Look below for the line that has "Rally político reino". Set down the lines from there through the line that has "Esto es Halloween: los", exactly as written.

*** Information shown ***

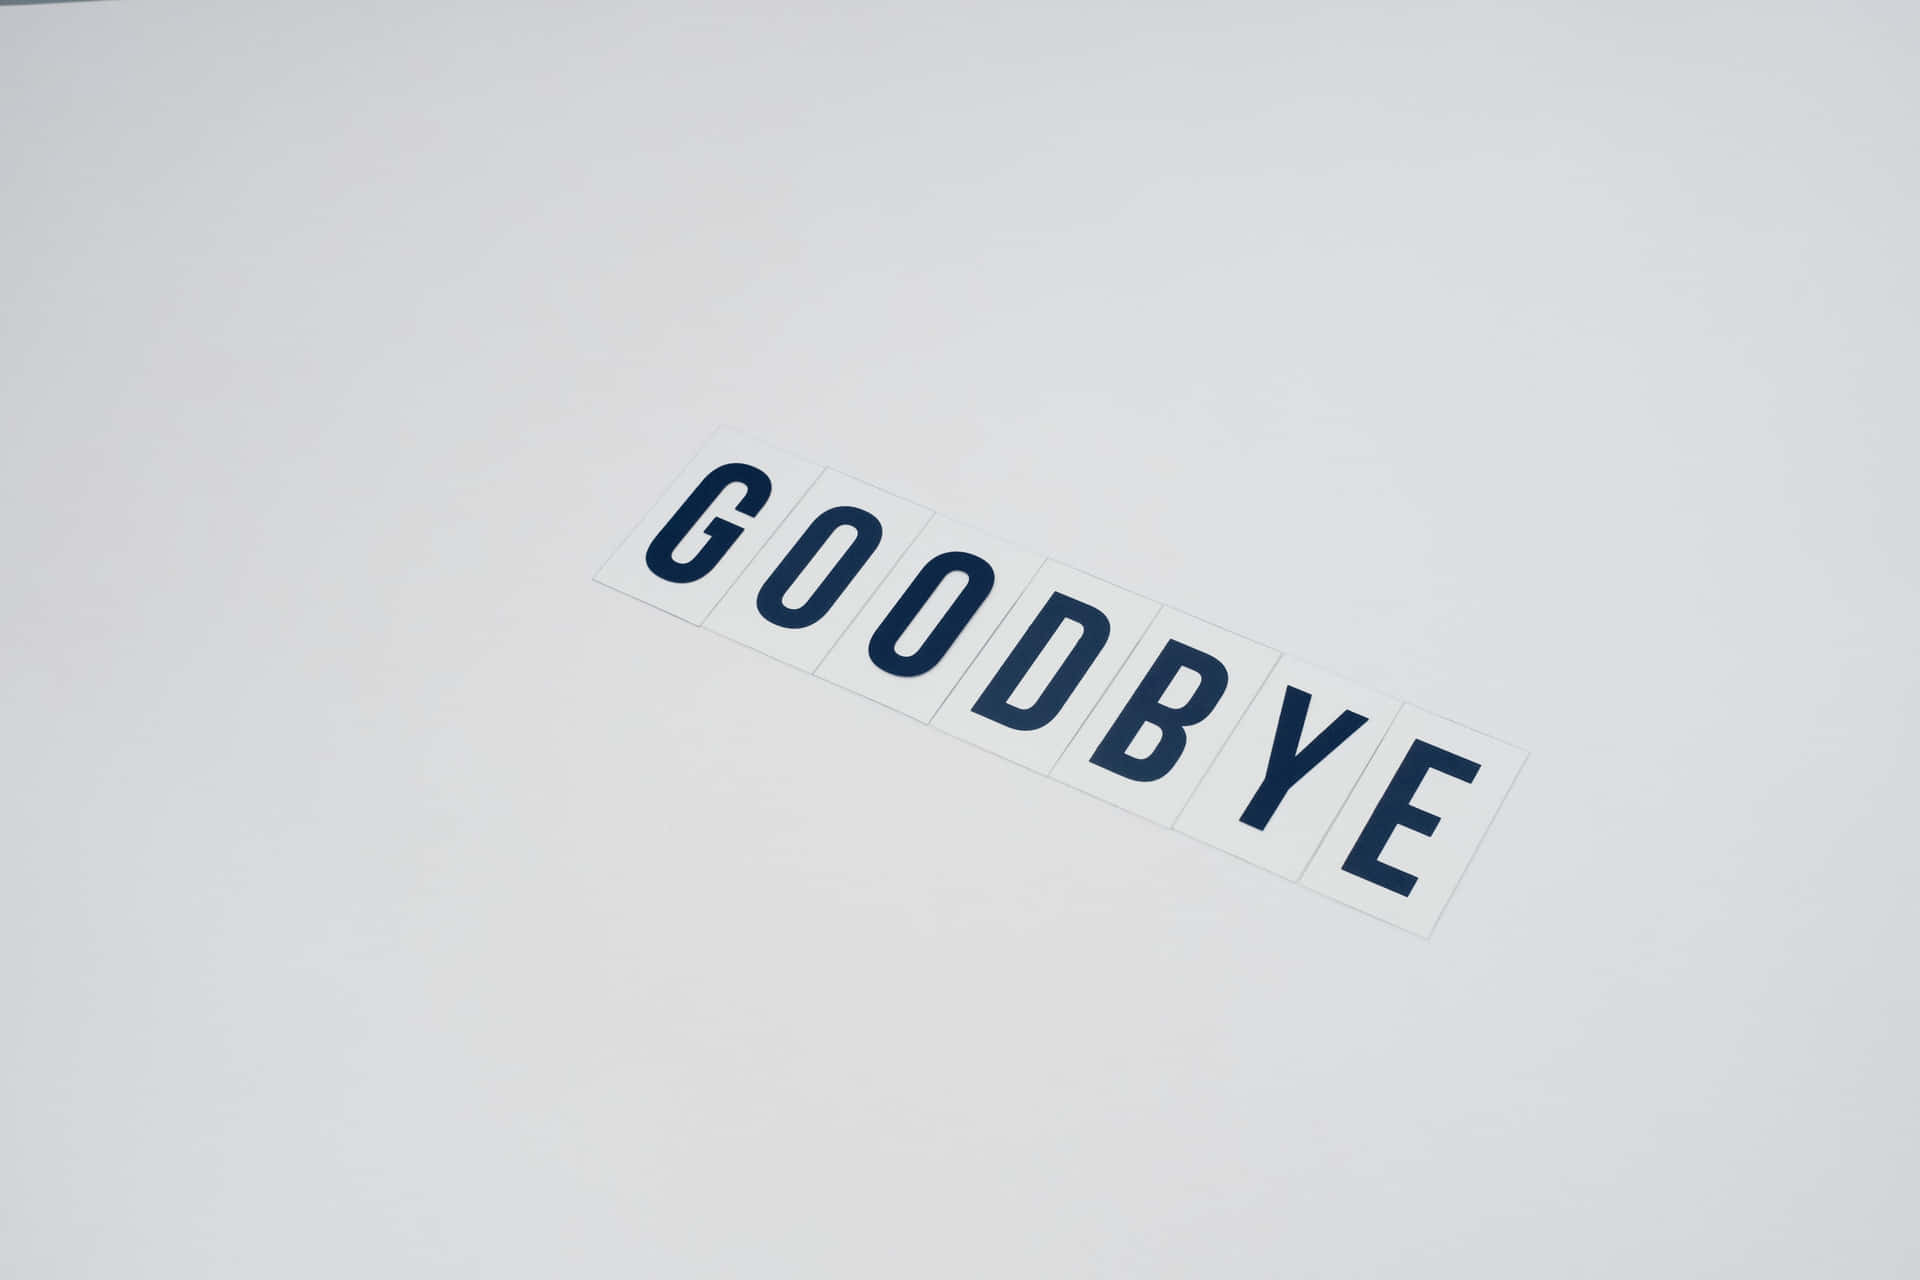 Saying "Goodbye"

***
*** Information shown ***

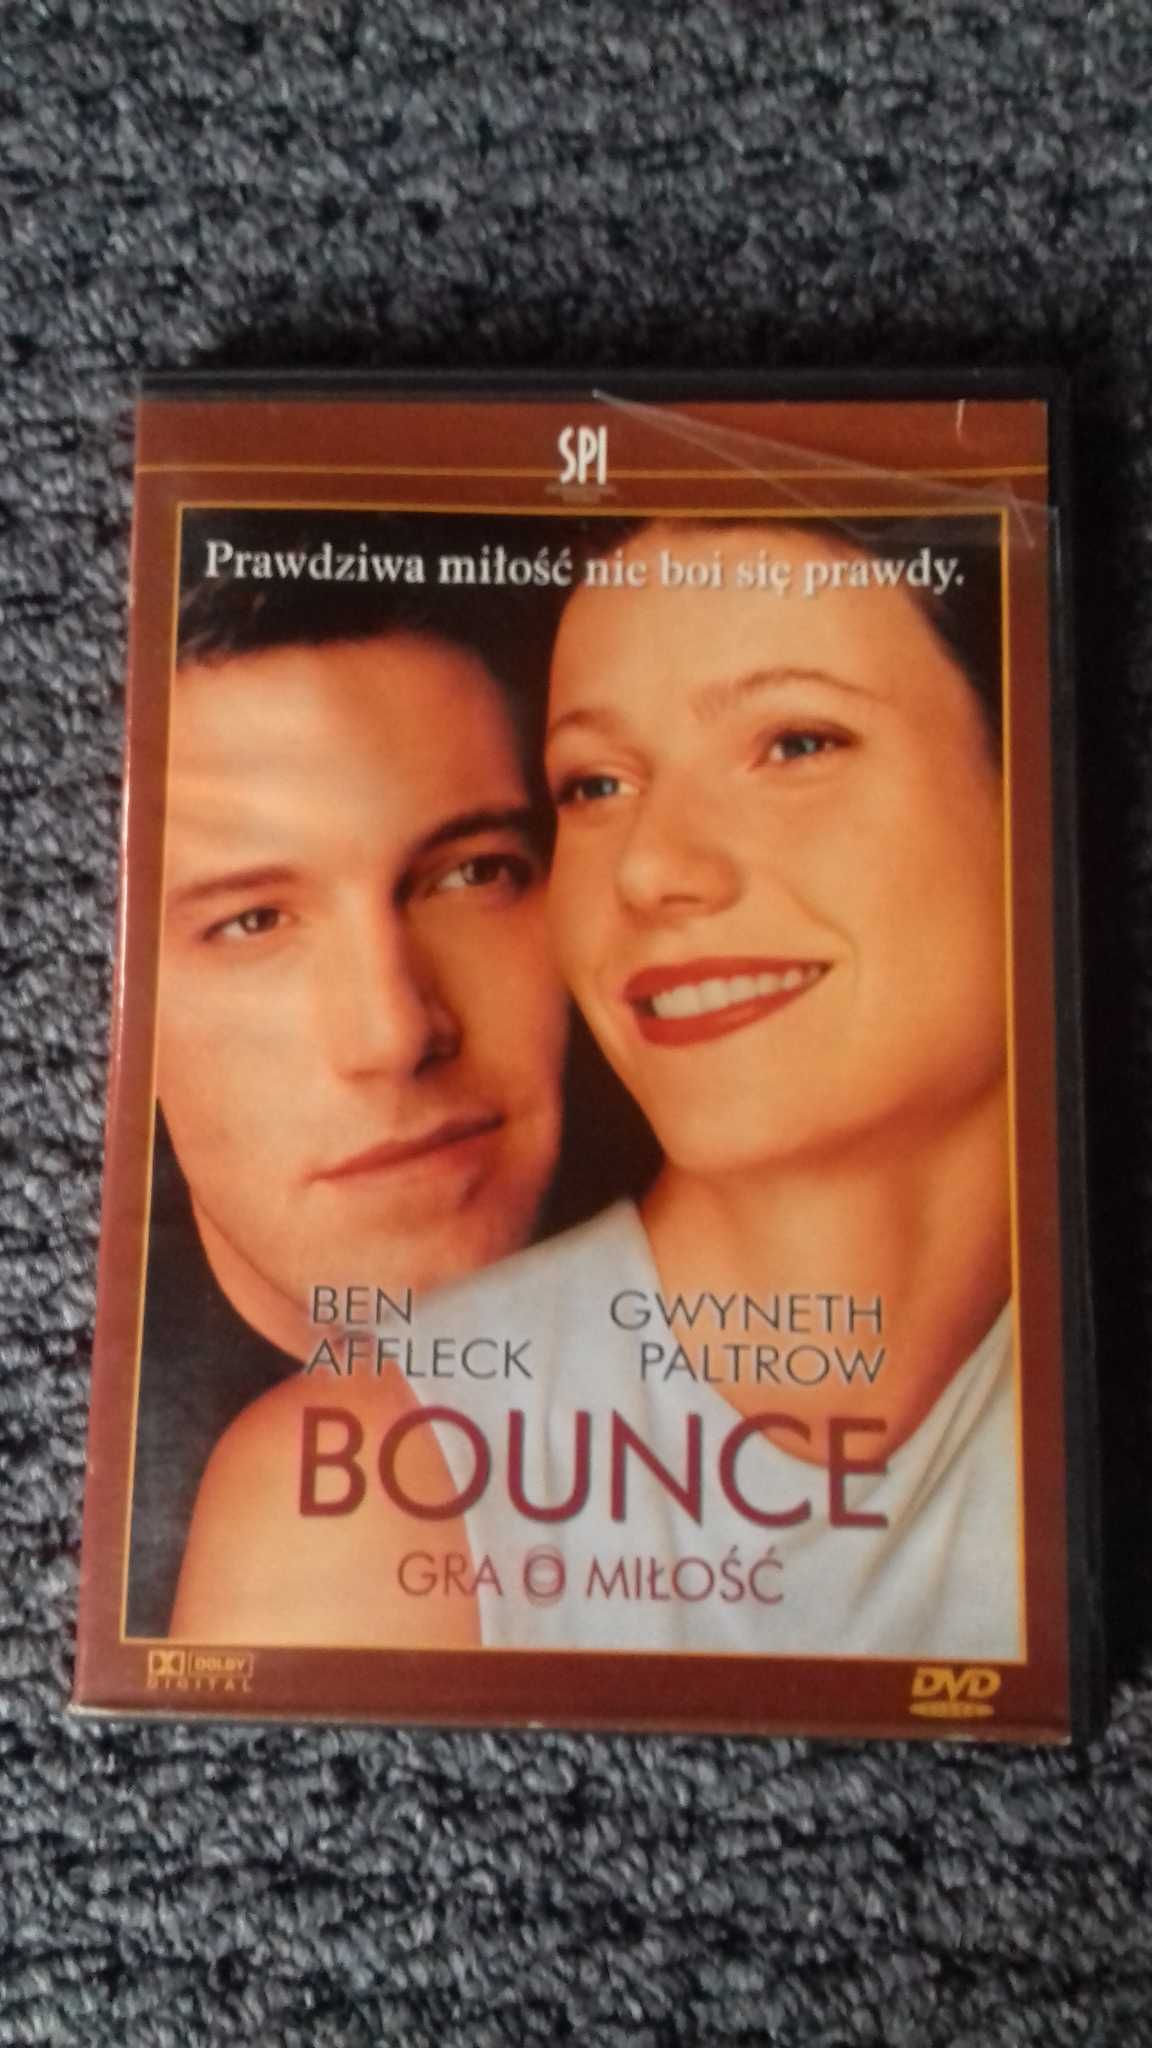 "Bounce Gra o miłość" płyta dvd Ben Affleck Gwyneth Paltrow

***
*** Information shown ***

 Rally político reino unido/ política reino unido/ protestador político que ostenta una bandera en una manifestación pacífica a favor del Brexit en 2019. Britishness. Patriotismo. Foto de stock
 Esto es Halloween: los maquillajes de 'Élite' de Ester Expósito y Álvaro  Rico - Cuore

***

Exercise output:
 Rally político reino unido/ política reino unido/ protestador político que ostenta una bandera en una manifestación pacífica a favor del Brexit en 2019. Britishness. Patriotismo. Foto de stock
 Esto es Halloween: los maquillajes de 'Élite' de Ester Expósito y Álvaro  Rico - Cuore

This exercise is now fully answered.